Дождемся нашей, он сказал. Она захочет на своей. Она всегда была щепетильной женщиной.
На третий день они вернулись, погрузили ее в повозку и поехали — и уже было поздно. Вам придется ехать кругом, через Самсонов мост. Дотуда день дороги. И оттуда сорок миль до Джефферсона. Анс, возьми мою.

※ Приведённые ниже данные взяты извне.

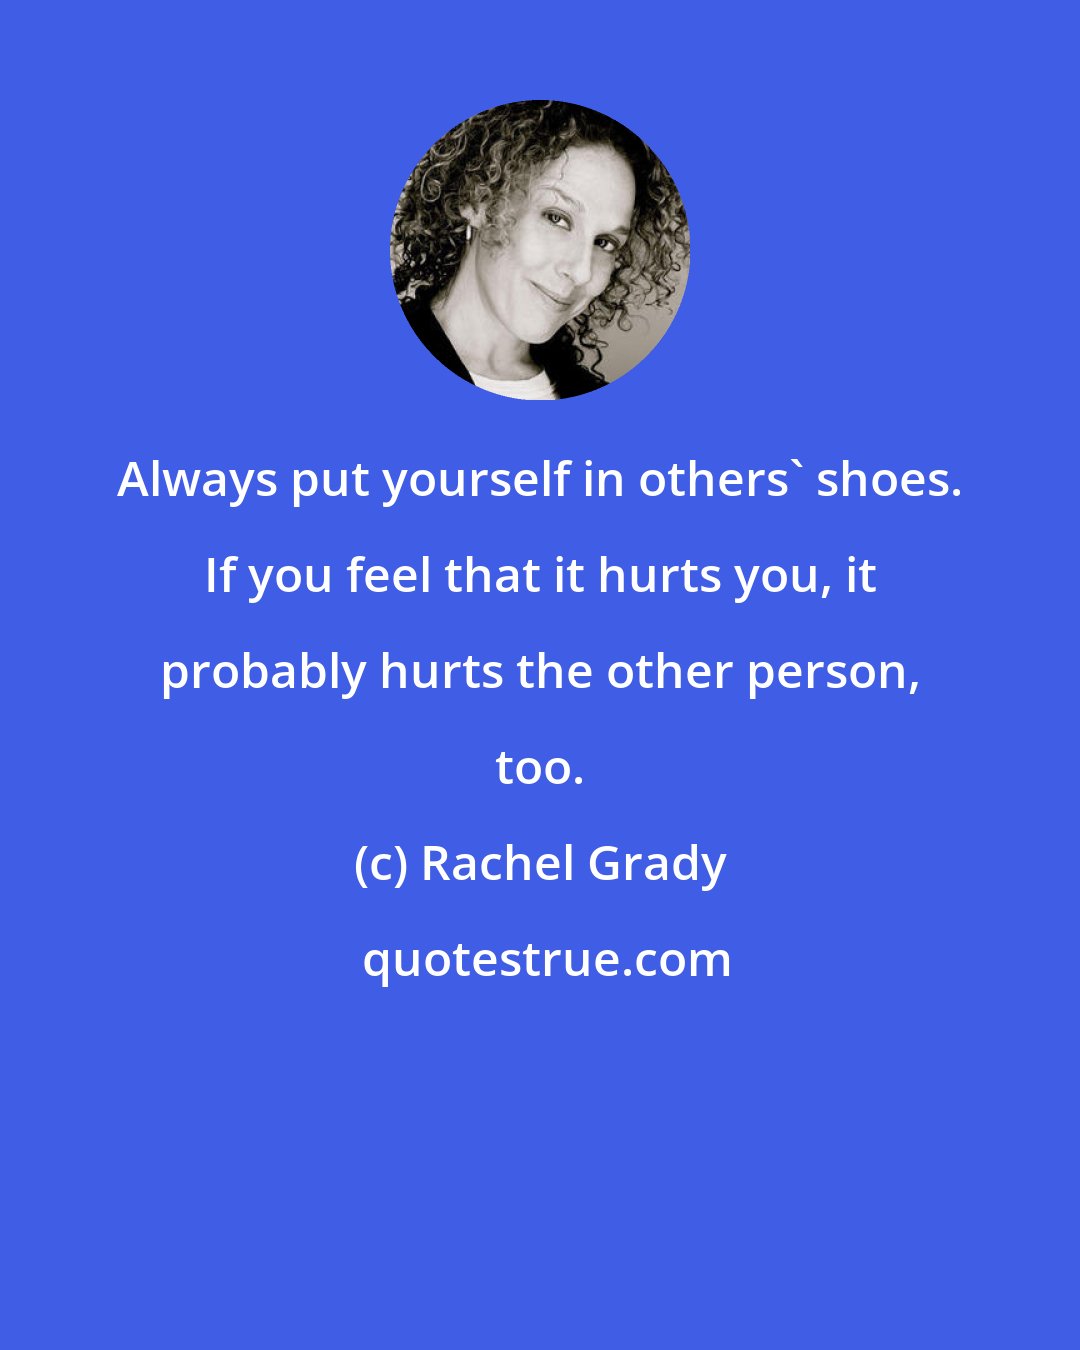 Rachel Grady: Always put yourself in others' shoes. If you feel that it hurts you, it probably hurts the other person, too.

Дождемся нашей. Она на своей захочет.
Его мы увидели в миле от дома, сидел у болотного озерка. Сколько живу, рыба там никогда не водилась. Оглянулся на нас, глаза круглые и спокойные, лицо чумазое, удочка на коленях. Кора еще пела.
— Неподходящий день рыбу удить, — сказал я. — Поехали с нами домой, а завтра чем свет пойдем с тобой на реку и наловим рыбы.
— Эта здесь сидит. Дюи Дэлл ее видела.
— Поехали с нами. На реке-то лучше.
— Она здесь. Дюи Дэлл ее видела.
К Богу путь держу и к моей награде, — пела Кора.
ДАРЛ
— Ведь не конь твой умер, Джул, — говорю я.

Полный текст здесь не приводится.